── Supplied material ──
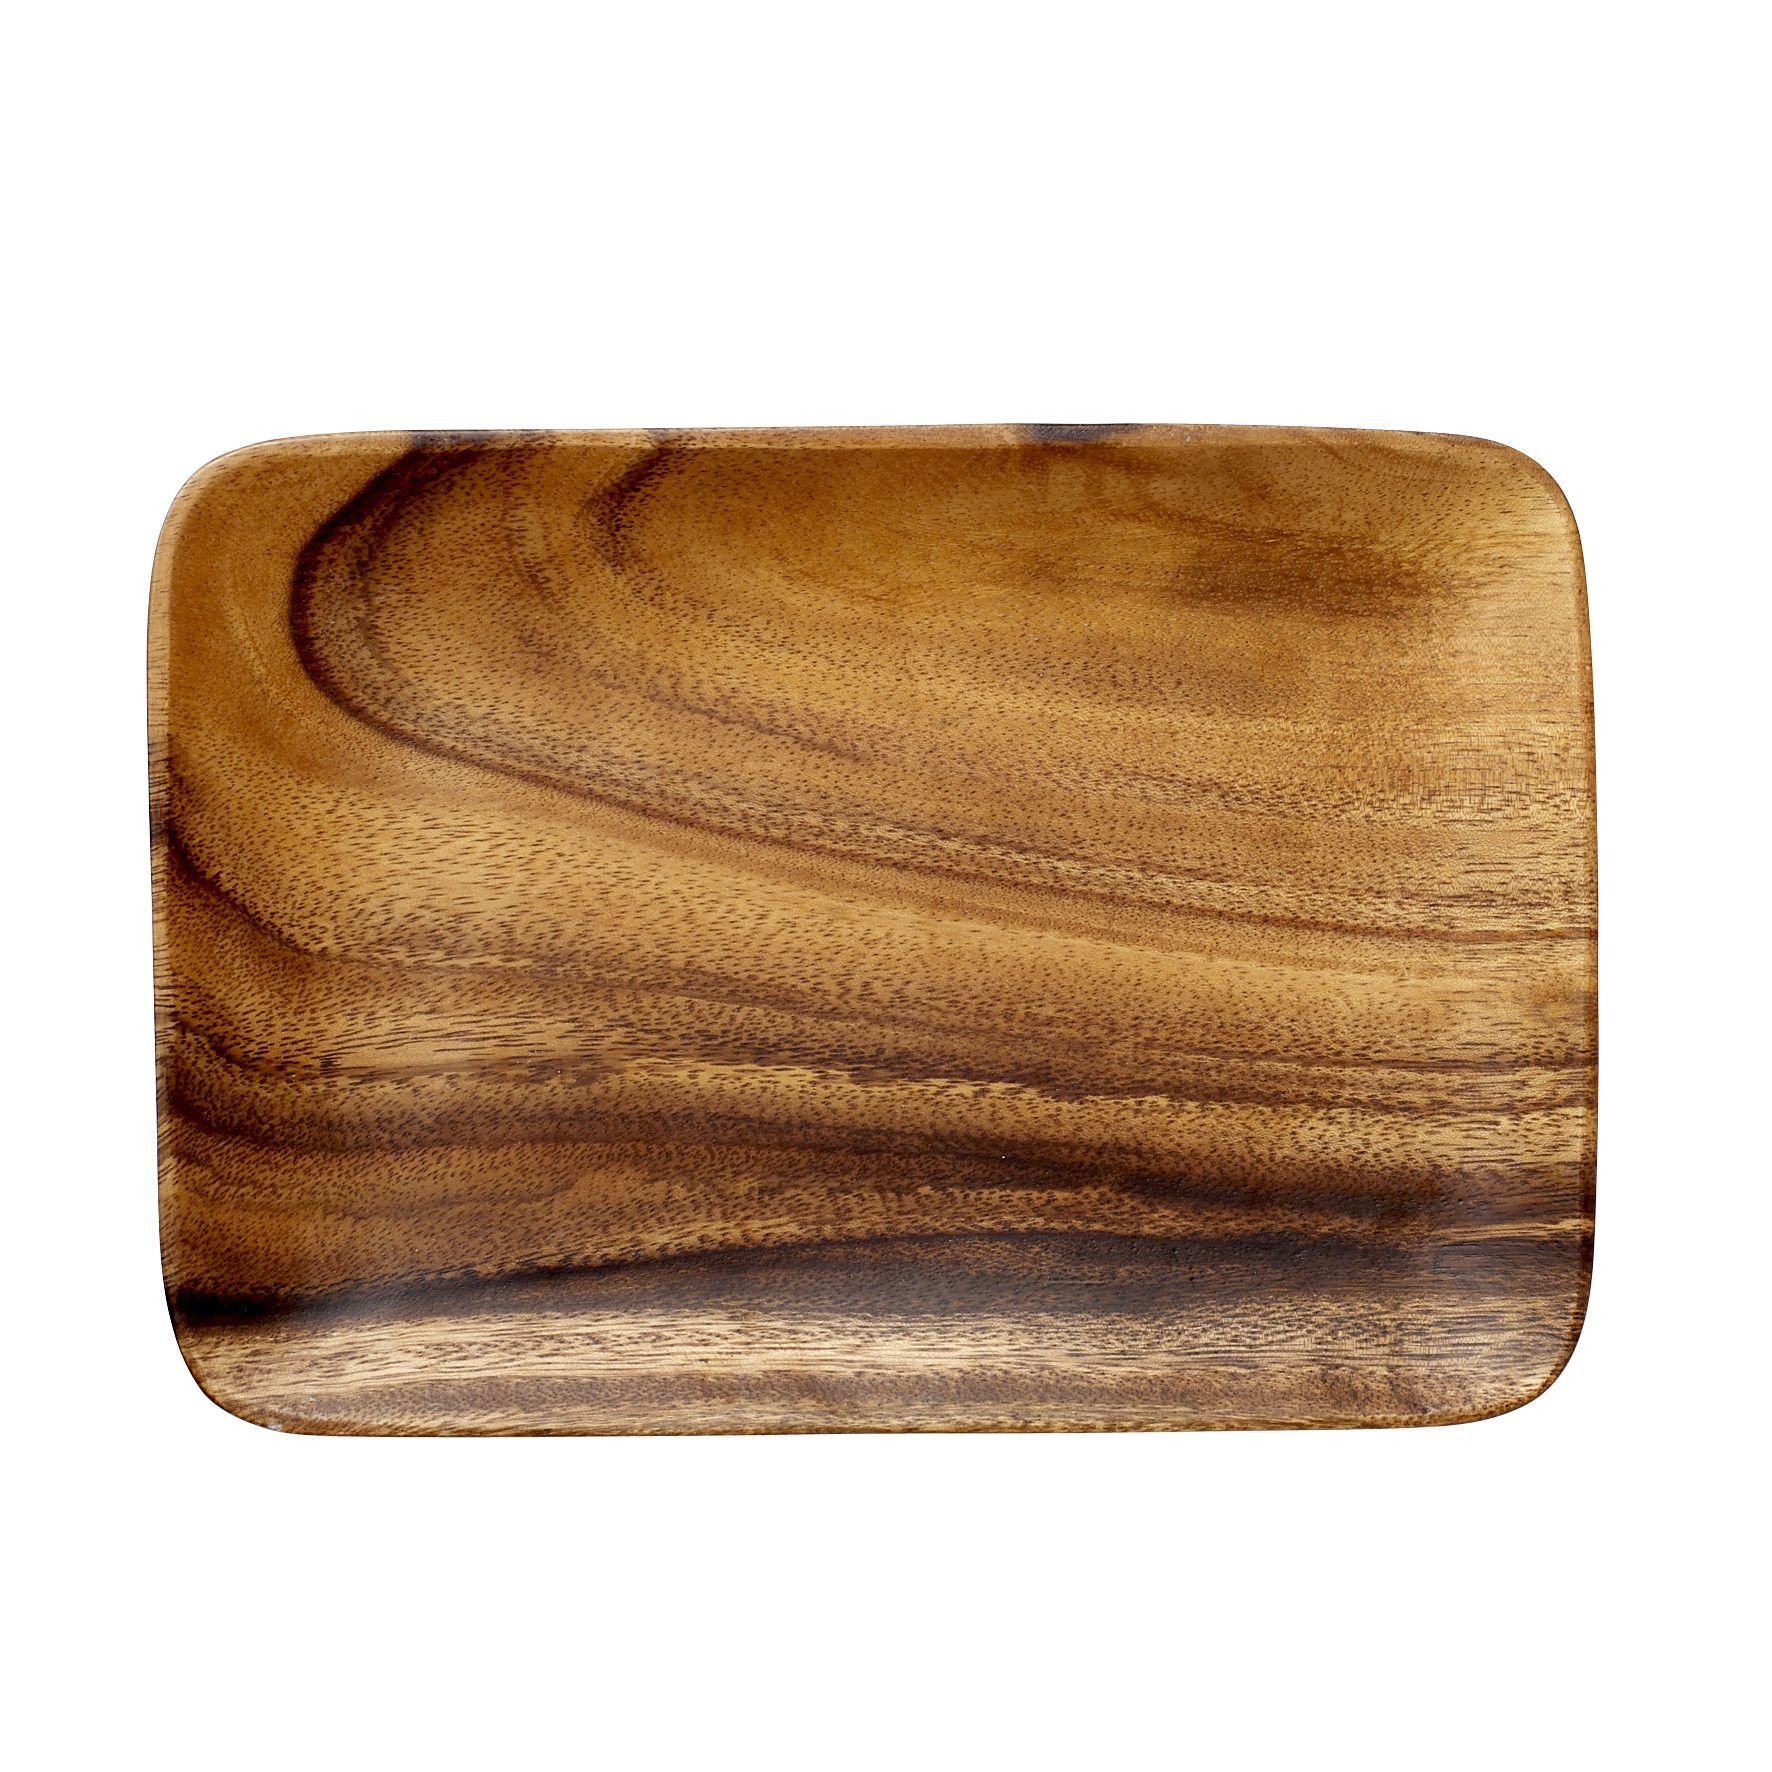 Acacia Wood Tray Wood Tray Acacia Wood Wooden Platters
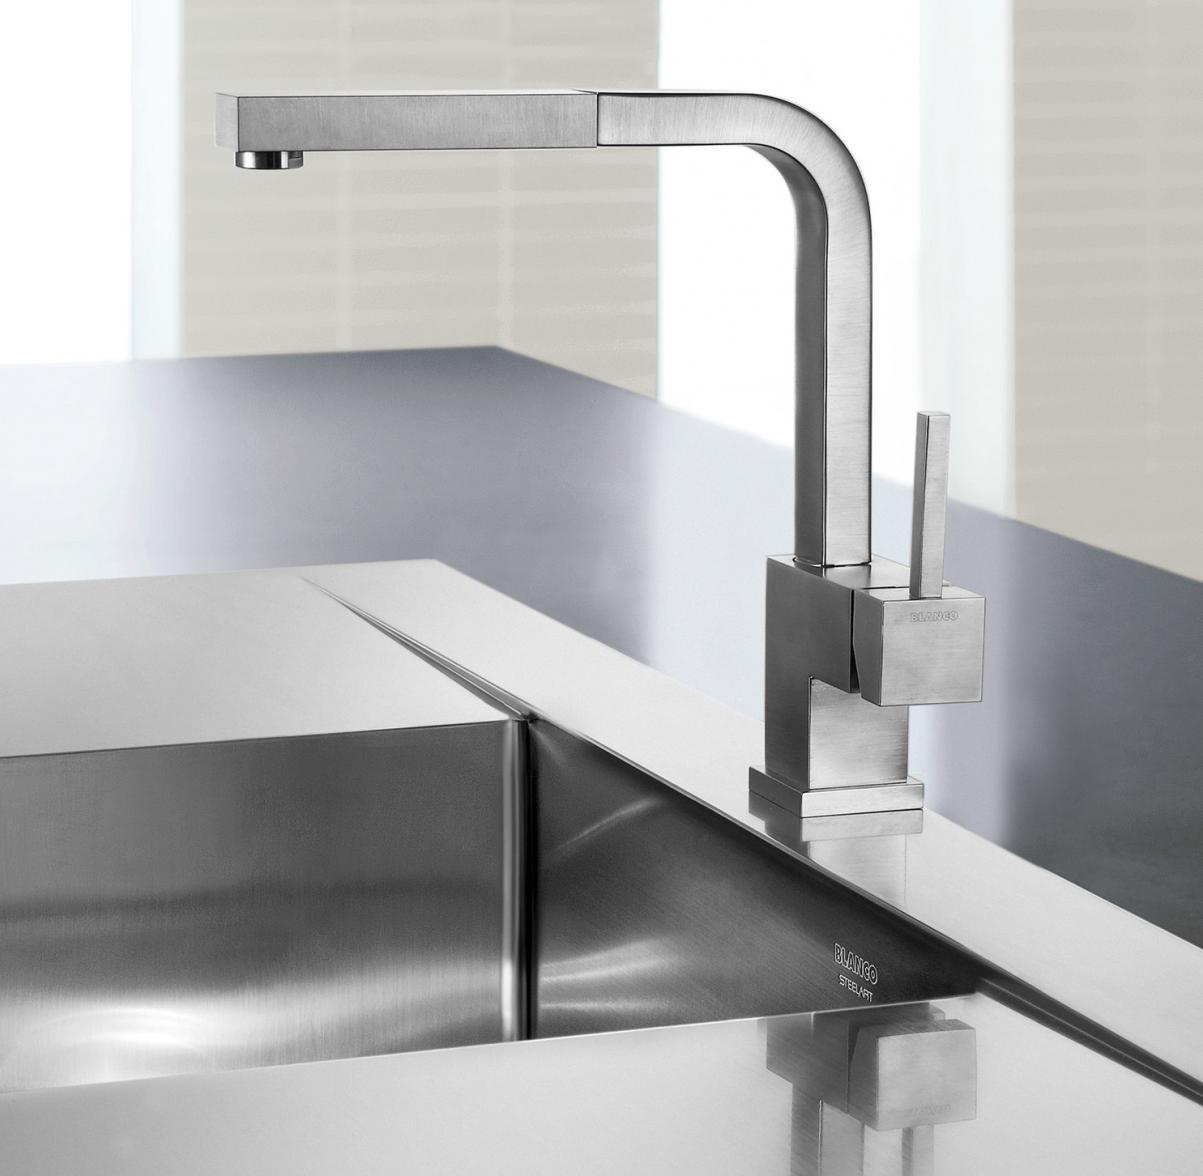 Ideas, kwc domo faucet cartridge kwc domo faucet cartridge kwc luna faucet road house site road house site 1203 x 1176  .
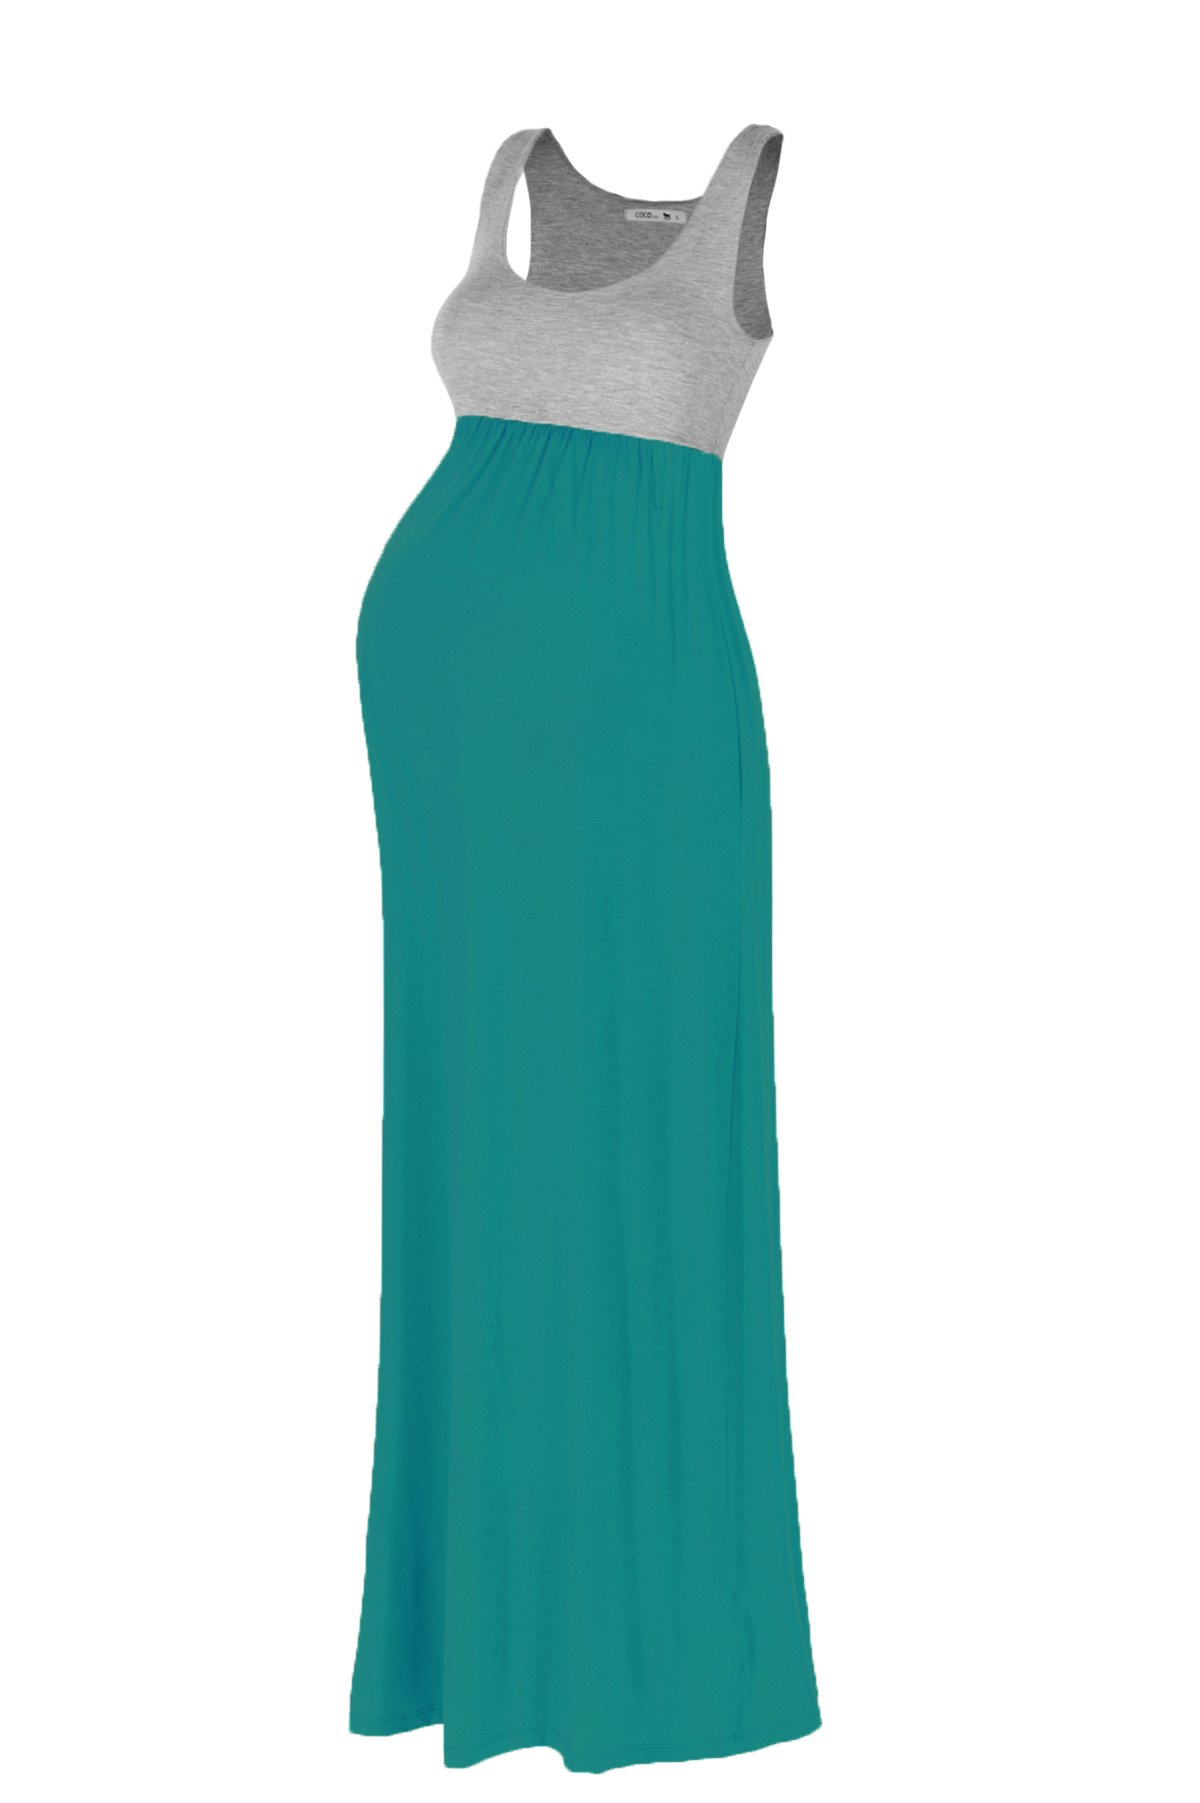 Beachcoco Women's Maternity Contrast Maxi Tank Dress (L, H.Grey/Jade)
───
- _What you are asked to do_
Print exactly, and only, the lines from the one with "Ideas, kwc domo" through the last line of the listing above. No pictures belong in the copy.

- _The completed task_
 Ideas, kwc domo faucet cartridge kwc domo faucet cartridge kwc luna faucet road house site road house site 1203 x 1176  .
 Beachcoco Women's Maternity Contrast Maxi Tank Dress (L, H.Grey/Jade)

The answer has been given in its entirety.